No, although Vim is a good environment for editing, and can be customised in a lot of ways (code folding, syntax colouring, macro expansion etc.) most of these are done on the syntax level, rather than the semantic level. Even the code folding just matches up opposing braces.
To do a proper refactoring, you have to have a lot of semantic knowledge about the AST, what variables are declared in which scope, and so on. IDEs like Eclipse build up a cache of the variables defined in each lexical scope, so that they can quickly refer back to where they are used in terms of determining what to rename and where.
That's not to say that you can't do some things syntactically; after all, one can just take out a block of code and put it into a separate function easily enough. You might even be able to guess at some parameters (e.g. find a list of the variables, find out which ones have local declarations, remove them and what's left are your parameters. But Eclipse also does other things—like figuring out whether any variables are modified in the function, and ensuring they're passed back by the return value. It also checks for any thrown exceptions, and add them to the list.
The net effect is that whilst you may be able to approximate some of these in Vim, you really aren't going to be able to get this working in a Vim-only enviornment. You could either use a Vim-like keybinding in Eclipse proper, or look at eclim. From the home page:
The primary goal of eclim is to bring
Eclipse functionality to the Vim
editor. The initial goal was to
provide Eclipse’s java functionality
in vim, but support for various other
languages (c/c++, php, python, ruby,
css, html, xml, etc.) have been added
and several more are planned.
Eclim is less of an application and
more of an integration of two great
projects. The first, Vim, is arguably
one of the best text editors in
existence. The second, Eclipse,
provides many great tools for
development in various languages. Each
provides many features that can
increase developer productivity, but
both still leave something to be
desired. Vim lacks native Java support
and many of the advanced features
available in Eclipse. Eclipse, on the
other hand, still requires the use of
the mouse for many things, and when
compared to Vim, provides a less than
ideal interface for editing text.
That is where eclim comes into play.
Instead of trying to write an IDE in
Vim or a Vim editor in Eclipse, eclim
provides an Eclipse plug-in that
exposes Eclipse features through a
server interface, and a set of Vim
plug-ins that communicate with Eclipse
over that interface.
This not only gives an Eclipse-like environment, it is Eclipse. But you still get the navigation and text editing features of vim. It sounds like this might suit your needs, although the documentation on refactoring support doesn't indicate that it provides an extract method functionality.

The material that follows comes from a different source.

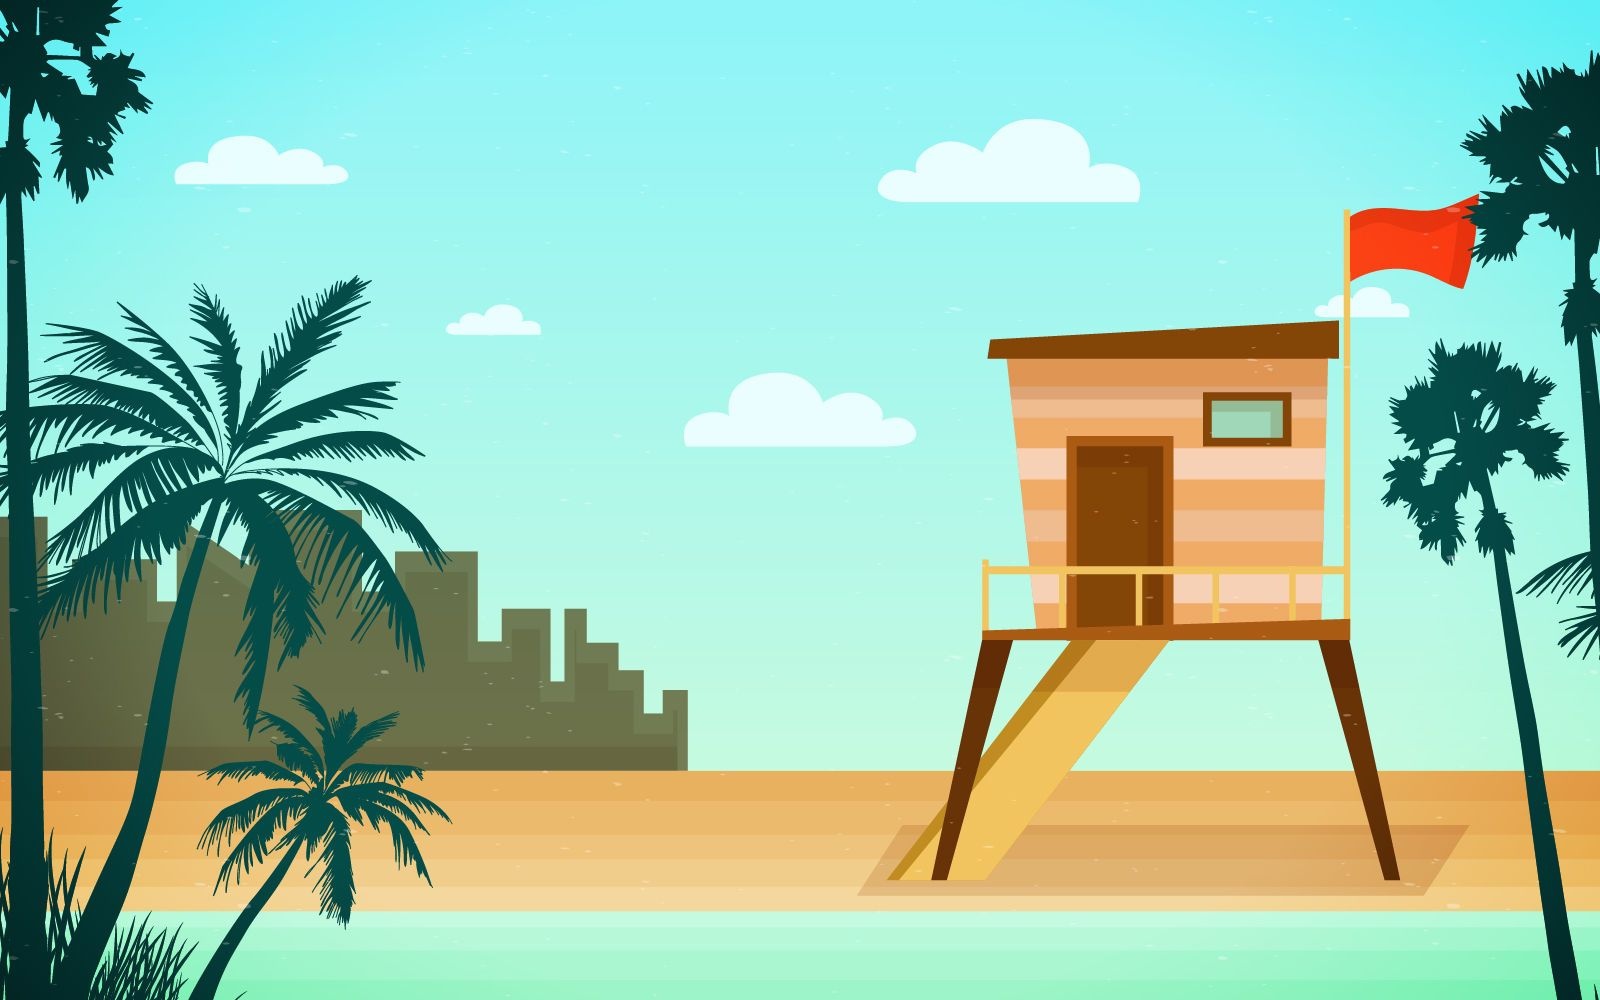 Beach rescue tower skyline illustration

I've written a generic refactoring plugin. C++ is one of the primary languages handled (as it's my primary language at work). Method extraction is supported.
For C++, the plugin is able (thanks to ctags) to deduce most (but unfortunately not always all -- thanks to ctags...) of the variables coming in and out of the extracted function.
I still have to write a little dialog box to select how the in/out variables shall be exchanged (const ref, rvalue ref, copy, pointer, tuples, struct, and so on) (BTW, help is welcome as GUIs are not my thing ^^').
After searching high and low for vim with refactoring for C++, this is the best solution I have come up with.
Visual Studio 2013 and higher - Great IDE for C++ development and debugging, but does not have sufficient refactoring or vim
Install the vsvim plugin - Now, you have all the vim navigation, searching, string replacement, etc. (Some advanced features are not supported)
Install Resharp C++ - Great for refactoring at the cost of speed. It makes it a bit clunky, but if you want to infer auto generate methods/variables, rename local/global/method variables or functions, Search for usages in the solution, and more features, makes it extremely worth it.
This is the best combination I found for C++ development, debugging and refactoring. Makes me at least 3x - 5x faster. Hope it helps you as well.